Pesticides in Perspective - Residues in food

Could you eat 12,000 potatoes?

Could you eat 12,000 potatoes?

Could you eat 12,000 potatoes?

Animation explaining how Maximum Residue Levels and thorough testing ensure that pesticides are safe for human health and the environment.

Script

Some people may have concerns about the levels of pesticides in the food they eat, but imagine eating 571 servings of apple in one day.

Or 150,000 carrots

12,000 potatoes

Perhaps 2,600 portions of strawberries.

It would be impossible to get anywhere close.

Yet that’s just the volume of fruit and veg you would need to eat before you would suffer any adverse effects from pesticides.

And that’s only if that fruit and veg contained levels of pesticides at what’s known as the Maximum Residue Level or MRL.

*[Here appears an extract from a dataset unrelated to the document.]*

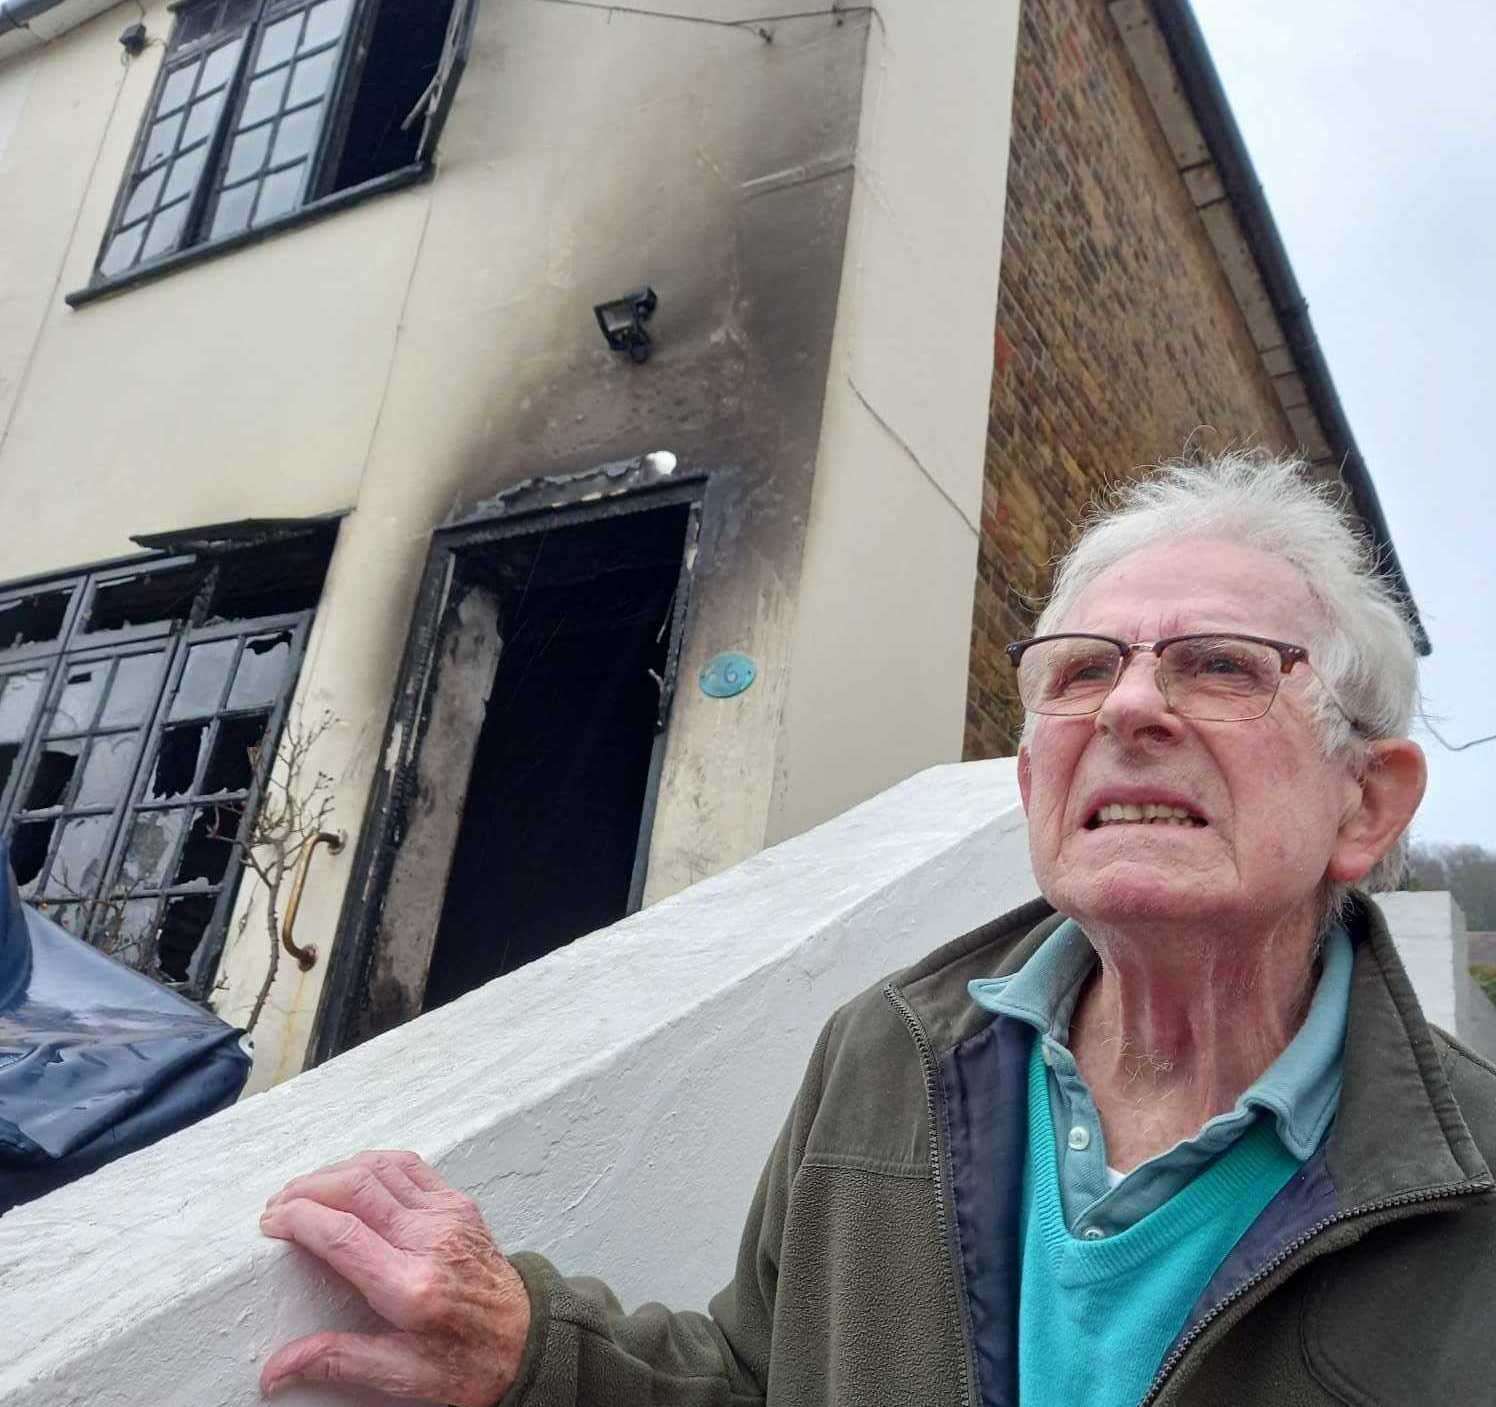 Mr Pratt, from Sandgate, saved his disabled neighbour's life after a fire broke out in her home. Picture: Annette Pratt

The majority of food stuffs do not contain any pesticide residues at all. But where they do, consumers are protected by MRLs, which are a form of trading standard. Nearly all pesticide residues that are detected in food fall well below MRLs.

These are not a safety limit, but are the maximum concentration of pesticides legally permitted on a particular food, indicating that a pesticide has been used correctly.

In practice, MRLs are set well below levels that pose even a small risk to human health. As the facts and figures at the start of this video show, they provide extremely large safety margins.

And it’s important that such margins are in place to protect our health, because pesticides are essential. They enable our crops to compete with 30,000 species of weeds, 10,000 species of insect pests and countless diseases.

Without them our regular supply of food would reduce by about a third, at a time when we need to increase our food production to cope with a ballooning global population.

Because they are used on food, pesticides are among the most thoroughly tested chemicals in the world.

They have to pass strict government tests to be authorised for use.

All of which means it takes around 10 years, costing an average of £160 million to bring a pesticide product to market.

During which time you still won’t have eaten all those carrots.

Let’s keep pesticides in perspective.